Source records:
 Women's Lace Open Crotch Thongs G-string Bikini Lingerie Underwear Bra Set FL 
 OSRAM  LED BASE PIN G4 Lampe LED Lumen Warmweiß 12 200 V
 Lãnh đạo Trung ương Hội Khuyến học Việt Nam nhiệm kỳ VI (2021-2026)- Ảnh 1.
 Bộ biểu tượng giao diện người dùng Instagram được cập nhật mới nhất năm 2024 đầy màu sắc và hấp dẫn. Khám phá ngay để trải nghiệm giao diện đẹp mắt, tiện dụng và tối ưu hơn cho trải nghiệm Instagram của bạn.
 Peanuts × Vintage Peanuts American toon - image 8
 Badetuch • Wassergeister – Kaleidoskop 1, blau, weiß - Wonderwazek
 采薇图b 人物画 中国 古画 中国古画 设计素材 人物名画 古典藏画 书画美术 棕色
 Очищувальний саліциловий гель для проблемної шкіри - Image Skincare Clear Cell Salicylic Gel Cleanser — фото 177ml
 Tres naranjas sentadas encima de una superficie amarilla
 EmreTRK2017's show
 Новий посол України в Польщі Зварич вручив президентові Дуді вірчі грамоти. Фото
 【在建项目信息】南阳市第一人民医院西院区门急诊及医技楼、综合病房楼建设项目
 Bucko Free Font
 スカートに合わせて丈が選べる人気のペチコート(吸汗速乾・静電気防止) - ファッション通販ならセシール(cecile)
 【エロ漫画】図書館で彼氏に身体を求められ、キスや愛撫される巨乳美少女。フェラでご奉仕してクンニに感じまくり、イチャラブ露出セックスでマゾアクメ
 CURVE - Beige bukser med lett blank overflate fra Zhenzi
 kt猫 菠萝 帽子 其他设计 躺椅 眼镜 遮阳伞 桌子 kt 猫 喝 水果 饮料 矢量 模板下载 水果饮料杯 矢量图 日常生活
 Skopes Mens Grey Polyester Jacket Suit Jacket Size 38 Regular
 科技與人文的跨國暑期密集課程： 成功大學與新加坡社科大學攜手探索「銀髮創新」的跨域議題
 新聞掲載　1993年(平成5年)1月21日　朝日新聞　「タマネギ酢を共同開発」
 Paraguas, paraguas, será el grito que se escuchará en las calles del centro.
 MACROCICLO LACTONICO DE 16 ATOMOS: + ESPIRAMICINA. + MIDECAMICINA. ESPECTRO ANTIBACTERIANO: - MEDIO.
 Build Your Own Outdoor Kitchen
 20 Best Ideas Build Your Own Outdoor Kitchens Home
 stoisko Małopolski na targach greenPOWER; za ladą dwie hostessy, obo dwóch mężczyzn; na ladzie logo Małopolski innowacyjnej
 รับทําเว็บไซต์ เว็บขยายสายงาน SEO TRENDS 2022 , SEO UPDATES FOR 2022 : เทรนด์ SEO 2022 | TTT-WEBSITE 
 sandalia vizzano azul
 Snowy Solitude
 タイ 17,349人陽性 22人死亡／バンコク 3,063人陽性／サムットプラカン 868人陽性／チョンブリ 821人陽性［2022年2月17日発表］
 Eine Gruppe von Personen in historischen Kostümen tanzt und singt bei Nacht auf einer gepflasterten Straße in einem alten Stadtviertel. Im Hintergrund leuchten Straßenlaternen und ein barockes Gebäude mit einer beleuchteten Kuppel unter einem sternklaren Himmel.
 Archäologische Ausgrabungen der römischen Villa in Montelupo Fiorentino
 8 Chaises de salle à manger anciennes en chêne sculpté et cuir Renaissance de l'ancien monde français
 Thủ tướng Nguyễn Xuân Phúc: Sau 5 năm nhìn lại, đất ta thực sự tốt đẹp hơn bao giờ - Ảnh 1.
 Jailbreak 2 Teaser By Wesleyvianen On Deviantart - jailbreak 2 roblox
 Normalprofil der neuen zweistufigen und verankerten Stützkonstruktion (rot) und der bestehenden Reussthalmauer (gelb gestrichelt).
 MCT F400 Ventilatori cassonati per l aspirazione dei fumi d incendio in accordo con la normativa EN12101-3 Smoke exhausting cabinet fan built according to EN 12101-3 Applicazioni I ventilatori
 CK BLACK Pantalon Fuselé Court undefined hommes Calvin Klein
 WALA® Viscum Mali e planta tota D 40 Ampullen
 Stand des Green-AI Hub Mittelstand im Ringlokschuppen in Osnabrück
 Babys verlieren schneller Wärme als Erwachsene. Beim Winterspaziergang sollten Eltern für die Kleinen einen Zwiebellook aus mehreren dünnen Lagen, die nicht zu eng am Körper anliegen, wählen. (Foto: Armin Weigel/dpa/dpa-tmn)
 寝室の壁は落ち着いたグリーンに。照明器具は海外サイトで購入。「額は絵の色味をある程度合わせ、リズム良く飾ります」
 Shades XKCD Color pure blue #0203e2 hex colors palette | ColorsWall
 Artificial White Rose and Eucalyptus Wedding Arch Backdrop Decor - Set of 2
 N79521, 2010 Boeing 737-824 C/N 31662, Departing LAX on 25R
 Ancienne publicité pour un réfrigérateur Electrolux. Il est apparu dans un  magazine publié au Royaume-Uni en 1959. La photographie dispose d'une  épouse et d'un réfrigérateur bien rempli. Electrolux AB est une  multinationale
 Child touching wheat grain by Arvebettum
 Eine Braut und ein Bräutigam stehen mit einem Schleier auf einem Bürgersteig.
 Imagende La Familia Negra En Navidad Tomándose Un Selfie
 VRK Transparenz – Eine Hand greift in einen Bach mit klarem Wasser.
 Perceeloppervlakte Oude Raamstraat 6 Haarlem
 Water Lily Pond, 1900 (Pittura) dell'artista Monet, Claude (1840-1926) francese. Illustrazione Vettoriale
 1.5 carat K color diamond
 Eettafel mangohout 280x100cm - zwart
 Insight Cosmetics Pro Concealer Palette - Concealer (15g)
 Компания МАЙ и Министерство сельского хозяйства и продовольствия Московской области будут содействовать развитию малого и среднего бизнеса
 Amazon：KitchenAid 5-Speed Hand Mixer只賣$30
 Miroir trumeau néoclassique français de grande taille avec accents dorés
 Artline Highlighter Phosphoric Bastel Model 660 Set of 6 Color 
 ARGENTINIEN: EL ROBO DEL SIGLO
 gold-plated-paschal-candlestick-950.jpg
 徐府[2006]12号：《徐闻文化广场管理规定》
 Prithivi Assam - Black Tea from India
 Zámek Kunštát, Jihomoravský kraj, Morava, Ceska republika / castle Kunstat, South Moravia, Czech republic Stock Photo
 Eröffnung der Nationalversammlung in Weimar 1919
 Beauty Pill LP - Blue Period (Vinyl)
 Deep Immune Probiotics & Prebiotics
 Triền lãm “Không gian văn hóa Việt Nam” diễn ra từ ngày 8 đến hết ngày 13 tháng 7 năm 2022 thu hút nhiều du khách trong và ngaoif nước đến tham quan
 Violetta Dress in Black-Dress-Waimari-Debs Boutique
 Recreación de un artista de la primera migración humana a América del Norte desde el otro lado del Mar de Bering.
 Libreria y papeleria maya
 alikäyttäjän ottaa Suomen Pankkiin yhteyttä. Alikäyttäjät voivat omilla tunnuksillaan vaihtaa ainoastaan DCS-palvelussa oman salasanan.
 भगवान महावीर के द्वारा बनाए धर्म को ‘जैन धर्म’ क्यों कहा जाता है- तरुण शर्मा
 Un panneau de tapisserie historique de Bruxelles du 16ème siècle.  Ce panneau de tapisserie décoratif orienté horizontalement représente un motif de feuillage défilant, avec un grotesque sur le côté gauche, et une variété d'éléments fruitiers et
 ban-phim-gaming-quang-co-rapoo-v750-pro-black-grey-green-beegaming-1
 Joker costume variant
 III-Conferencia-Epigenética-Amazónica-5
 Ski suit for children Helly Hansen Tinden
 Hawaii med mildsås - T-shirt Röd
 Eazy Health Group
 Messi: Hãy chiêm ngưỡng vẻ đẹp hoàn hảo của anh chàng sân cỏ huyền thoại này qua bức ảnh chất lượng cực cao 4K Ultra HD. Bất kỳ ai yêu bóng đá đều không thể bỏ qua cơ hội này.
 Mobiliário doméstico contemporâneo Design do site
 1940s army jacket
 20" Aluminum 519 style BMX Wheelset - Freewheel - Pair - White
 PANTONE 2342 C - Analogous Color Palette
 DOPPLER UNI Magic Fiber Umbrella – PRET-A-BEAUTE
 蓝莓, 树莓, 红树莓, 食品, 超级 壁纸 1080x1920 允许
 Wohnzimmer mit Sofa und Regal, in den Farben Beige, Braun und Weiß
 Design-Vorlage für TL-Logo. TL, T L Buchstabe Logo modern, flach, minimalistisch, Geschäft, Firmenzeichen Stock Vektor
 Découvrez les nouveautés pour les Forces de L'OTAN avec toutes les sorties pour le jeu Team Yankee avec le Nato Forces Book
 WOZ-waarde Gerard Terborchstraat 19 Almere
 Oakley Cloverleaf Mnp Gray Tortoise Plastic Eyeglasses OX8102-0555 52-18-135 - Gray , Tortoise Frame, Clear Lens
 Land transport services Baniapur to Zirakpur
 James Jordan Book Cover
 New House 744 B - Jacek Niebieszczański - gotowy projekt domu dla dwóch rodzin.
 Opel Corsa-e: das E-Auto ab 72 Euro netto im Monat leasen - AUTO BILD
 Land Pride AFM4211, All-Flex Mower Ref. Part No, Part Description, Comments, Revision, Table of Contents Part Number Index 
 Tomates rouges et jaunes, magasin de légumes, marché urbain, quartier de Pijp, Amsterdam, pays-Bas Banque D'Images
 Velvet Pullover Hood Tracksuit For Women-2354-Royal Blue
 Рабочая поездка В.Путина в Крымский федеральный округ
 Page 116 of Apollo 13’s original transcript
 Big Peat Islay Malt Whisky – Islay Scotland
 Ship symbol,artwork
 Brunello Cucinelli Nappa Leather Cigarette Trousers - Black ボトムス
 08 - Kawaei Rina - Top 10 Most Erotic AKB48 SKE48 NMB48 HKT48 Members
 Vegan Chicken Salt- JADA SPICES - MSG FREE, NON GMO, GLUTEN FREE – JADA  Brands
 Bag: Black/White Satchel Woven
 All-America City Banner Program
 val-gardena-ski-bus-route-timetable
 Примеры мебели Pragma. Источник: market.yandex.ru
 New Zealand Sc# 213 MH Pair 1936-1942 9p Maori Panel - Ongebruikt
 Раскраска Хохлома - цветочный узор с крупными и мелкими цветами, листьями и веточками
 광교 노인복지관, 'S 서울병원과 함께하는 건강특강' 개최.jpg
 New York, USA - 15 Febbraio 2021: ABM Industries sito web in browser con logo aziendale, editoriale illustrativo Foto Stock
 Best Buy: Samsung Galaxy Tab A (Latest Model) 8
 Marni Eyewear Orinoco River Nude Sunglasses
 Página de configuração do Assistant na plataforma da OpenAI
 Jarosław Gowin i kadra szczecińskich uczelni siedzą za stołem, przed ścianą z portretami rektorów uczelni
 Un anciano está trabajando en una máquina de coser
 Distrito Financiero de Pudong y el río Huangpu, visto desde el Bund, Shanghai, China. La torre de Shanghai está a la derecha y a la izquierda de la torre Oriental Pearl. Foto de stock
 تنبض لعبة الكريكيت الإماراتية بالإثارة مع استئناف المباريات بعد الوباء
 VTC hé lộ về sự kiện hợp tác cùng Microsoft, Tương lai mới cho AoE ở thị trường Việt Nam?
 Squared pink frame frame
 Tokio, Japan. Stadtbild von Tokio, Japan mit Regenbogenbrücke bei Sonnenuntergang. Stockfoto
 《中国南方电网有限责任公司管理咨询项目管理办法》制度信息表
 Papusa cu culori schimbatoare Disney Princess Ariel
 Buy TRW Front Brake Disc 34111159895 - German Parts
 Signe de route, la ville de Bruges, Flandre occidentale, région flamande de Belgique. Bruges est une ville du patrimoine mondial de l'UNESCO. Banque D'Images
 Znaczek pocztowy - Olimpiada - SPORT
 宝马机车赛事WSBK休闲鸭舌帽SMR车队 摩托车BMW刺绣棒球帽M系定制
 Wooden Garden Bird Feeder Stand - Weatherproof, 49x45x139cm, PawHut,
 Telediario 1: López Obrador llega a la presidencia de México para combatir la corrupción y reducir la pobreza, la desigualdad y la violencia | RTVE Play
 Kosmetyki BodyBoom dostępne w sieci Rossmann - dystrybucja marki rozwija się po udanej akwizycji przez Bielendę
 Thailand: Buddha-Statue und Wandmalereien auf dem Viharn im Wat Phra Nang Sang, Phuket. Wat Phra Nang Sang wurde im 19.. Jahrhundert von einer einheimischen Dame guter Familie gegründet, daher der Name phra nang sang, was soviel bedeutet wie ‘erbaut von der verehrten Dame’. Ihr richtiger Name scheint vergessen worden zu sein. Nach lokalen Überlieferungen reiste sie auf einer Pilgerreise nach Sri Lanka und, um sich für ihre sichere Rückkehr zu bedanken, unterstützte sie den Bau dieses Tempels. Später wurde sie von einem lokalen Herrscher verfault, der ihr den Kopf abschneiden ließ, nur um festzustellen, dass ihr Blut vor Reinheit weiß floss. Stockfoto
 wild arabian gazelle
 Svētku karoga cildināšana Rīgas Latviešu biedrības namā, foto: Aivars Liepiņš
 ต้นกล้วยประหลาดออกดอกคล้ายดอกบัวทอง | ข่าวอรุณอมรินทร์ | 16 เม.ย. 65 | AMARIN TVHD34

PROBLEM DETAILS: Your answer must be a copy of every line in the data above that holds the string "Clear".

WORKED SOLUTION:
 Очищувальний саліциловий гель для проблемної шкіри - Image Skincare Clear Cell Salicylic Gel Cleanser — фото 177ml
 Oakley Cloverleaf Mnp Gray Tortoise Plastic Eyeglasses OX8102-0555 52-18-135 - Gray , Tortoise Frame, Clear Lens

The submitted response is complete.